| Exercise |
Quote the whole listing exactly. Leave the pictures out of your copy.

| Data |
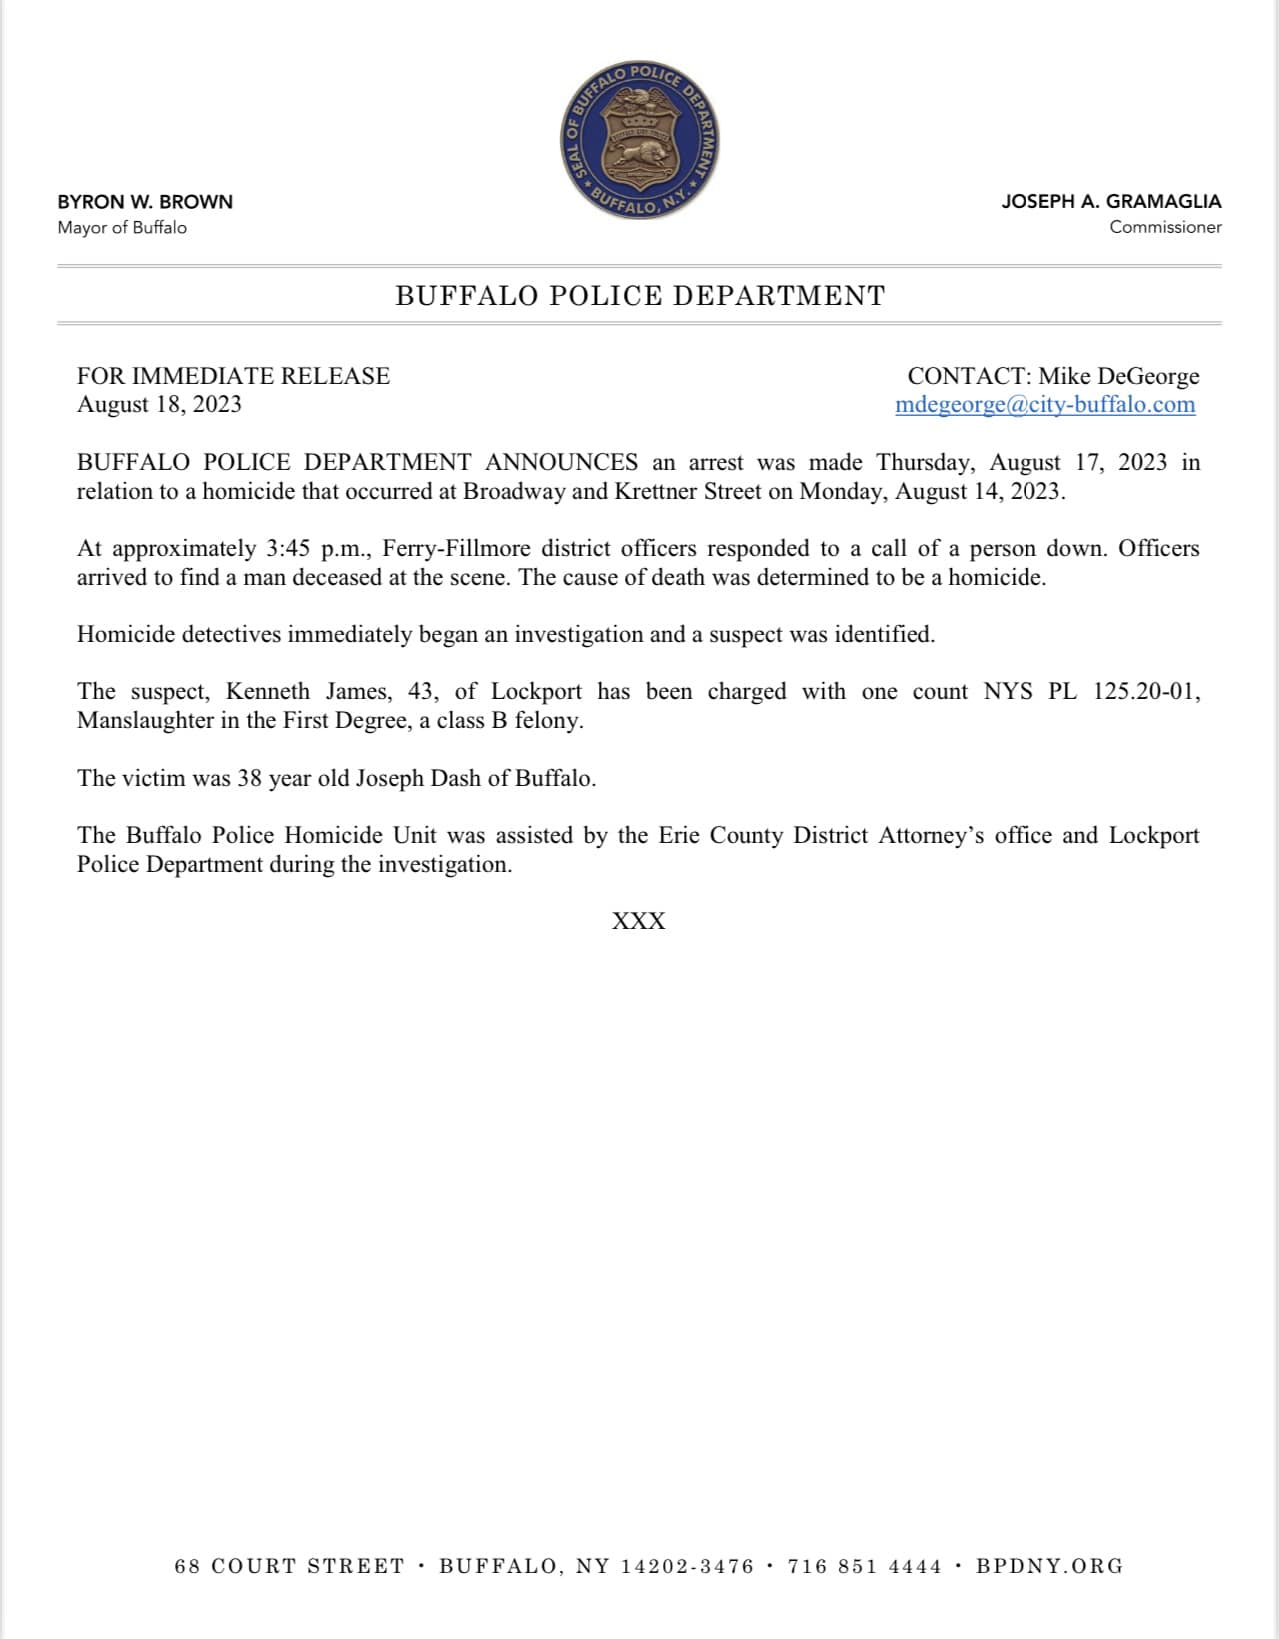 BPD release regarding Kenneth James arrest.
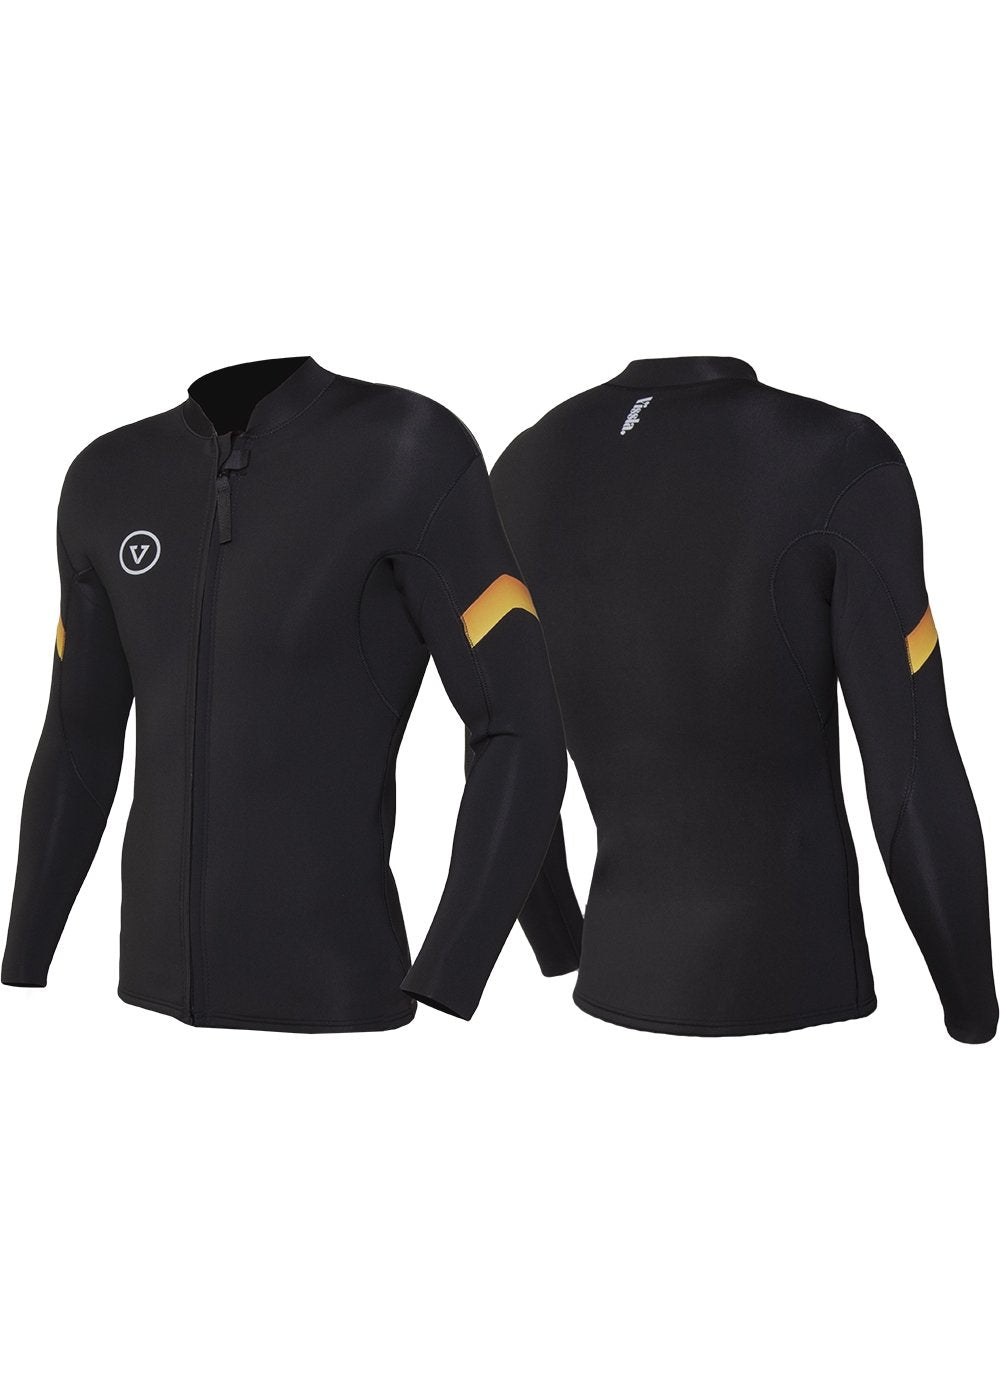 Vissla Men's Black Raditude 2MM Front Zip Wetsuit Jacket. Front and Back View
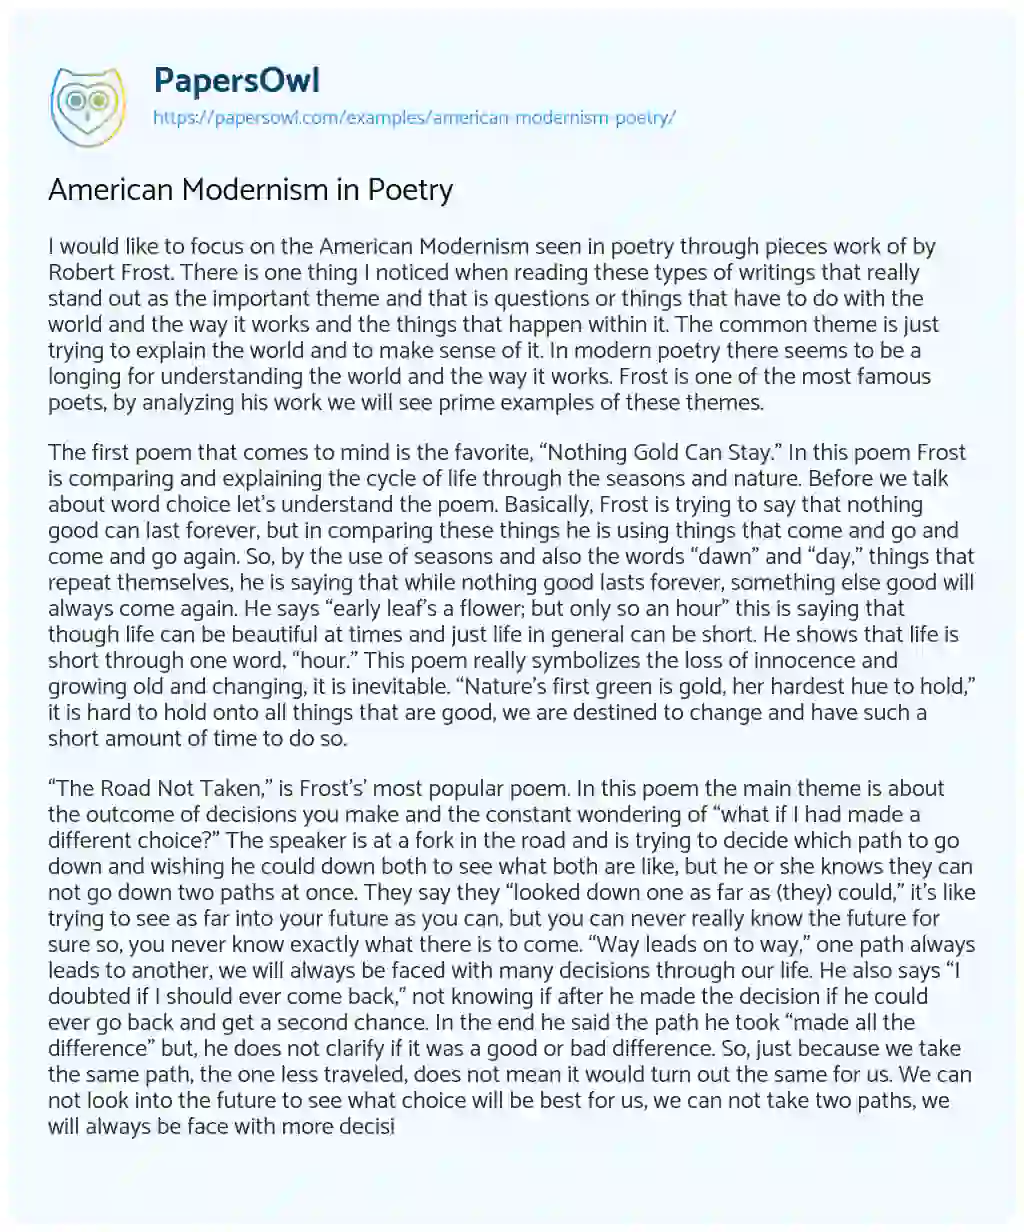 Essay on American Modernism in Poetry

| Reply |
 BPD release regarding Kenneth James arrest.
 Vissla Men's Black Raditude 2MM Front Zip Wetsuit Jacket. Front and Back View
 Essay on American Modernism in Poetry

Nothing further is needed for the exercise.